Court Opinion

ID: 3962454
Source: CourtListenerOpinion
Date Created: 2016-07-06 10:22:39.175147+00
Date Added: 2024-06-11T13:53:12.271925
License: Public Domain

Appellant insists in his motion for rehearing that we erred in holding coffee-grounds to be food within the meaning of Article 1077, Vernon's P.C. Commonwealth v. Caldwell, 76 N.E. 955, a Massachusetts case, is cited as authority for the contention. We have examined this case and do not agree with the conclusion reached therein in regard to this matter, which is that tea and coffee are not provisions, within the comprehension of a statute which forbids peddling provisions, etc., without license. No analysis worth mentioning appears in the opinion in that case, which seems to be decided on the authority of Com. v. Lutton,157 Mass. 392, and Com. v. Reid, 175 Mass. 325. Neither case is authority for the holding in the Caldwell case. In the Lutton case the court merely decides that oleomargarine and butterineare provisions, and in the Reid case, that ice is not a provision.

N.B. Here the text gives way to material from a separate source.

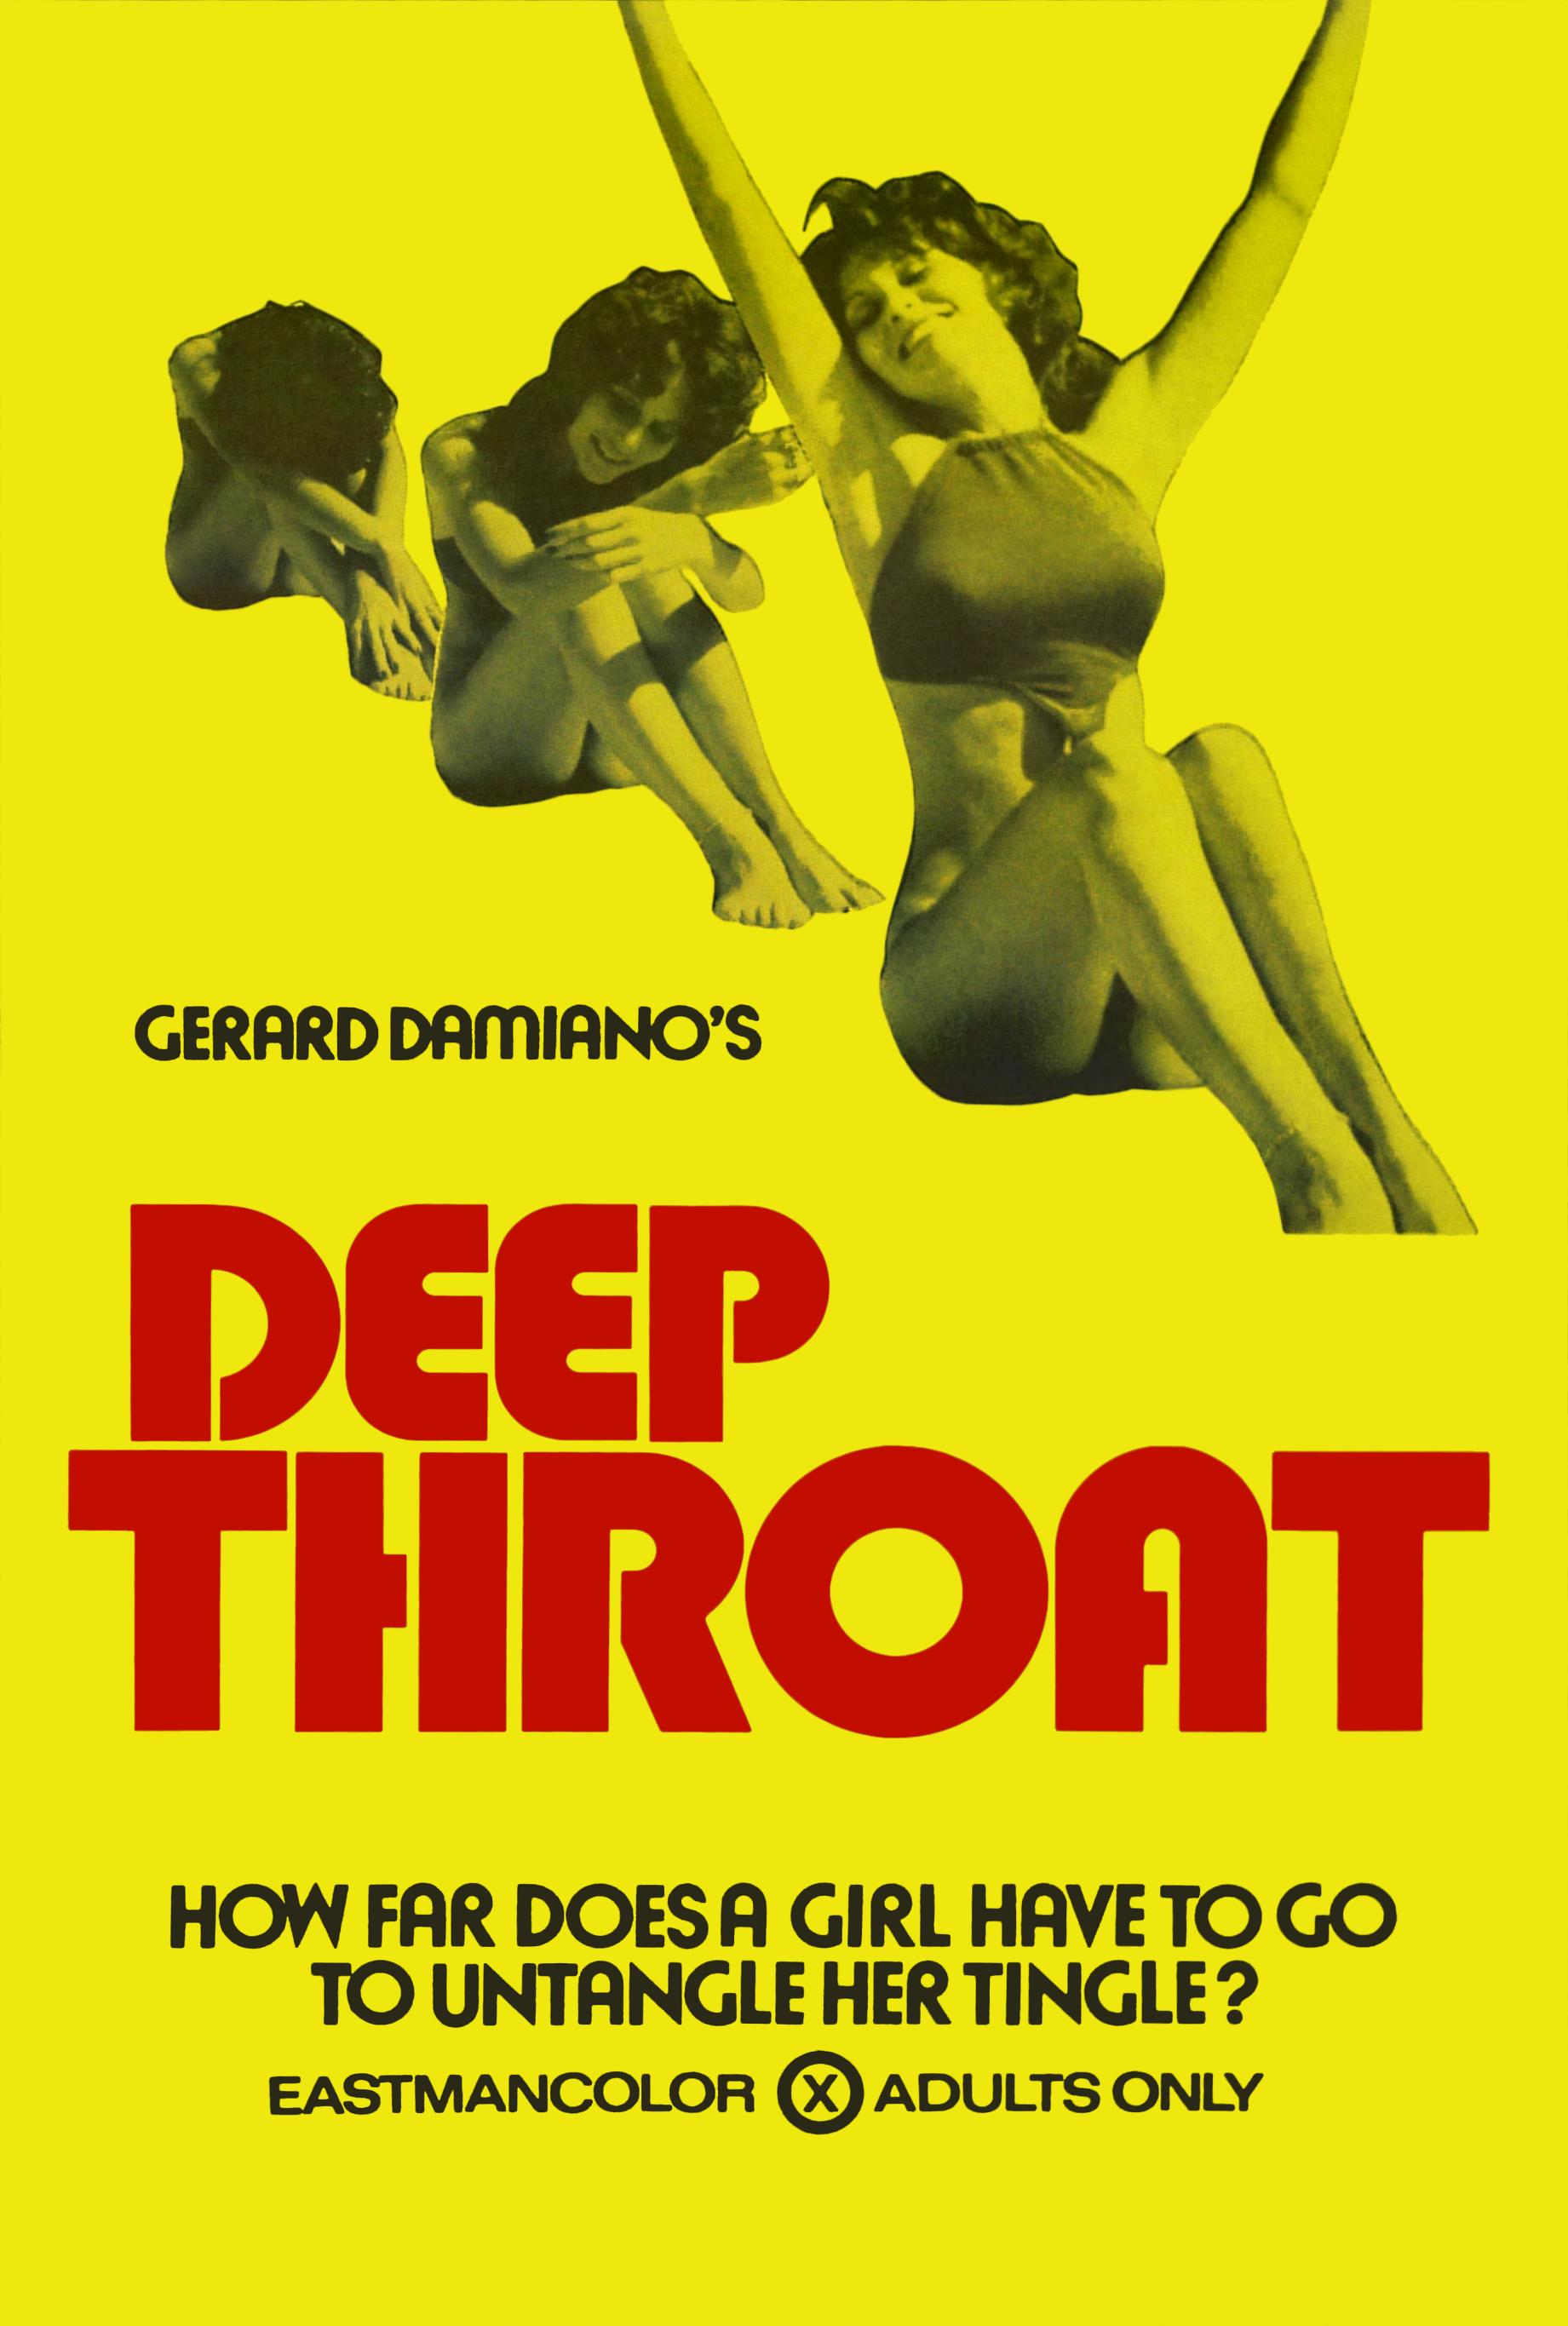 Pelicula Porno Party deep throat (film) - wikipedia

In a charge such as that under consideration the gravamen of the offense is the intent of the accused to take human life by the use of poison, and while the law-makers have seen fit to make such use criminal when it consists in mingling the poison with food, drink or medicine, it appears to us unless there be some substantial doubt as to whether the article with which the poison was mingled be food, drink or medicine, the question would be of no great weight.
In addition to the authorities cited in our original opinion supporting the proposition that coffee or coffee-grounds are entitled to be considered as food, we call attention to Article 699, Vernon's P.C., wherein it is stated that the term "food," as used in our pure food laws, shall include all articles used for food, drink, confectionery or condiment, by man. We see no good reason for holding that Smith may be punished for selling adulterated food, to-wit: coffee, — under the pure food laws, and that Jones can not be convicted under another of our laws for trying to take life by mingling poison with a food, to-wit: coffee, when the only very dubious reason which can be assigned for the distinction is that coffee is a food under one law and not a food under the other.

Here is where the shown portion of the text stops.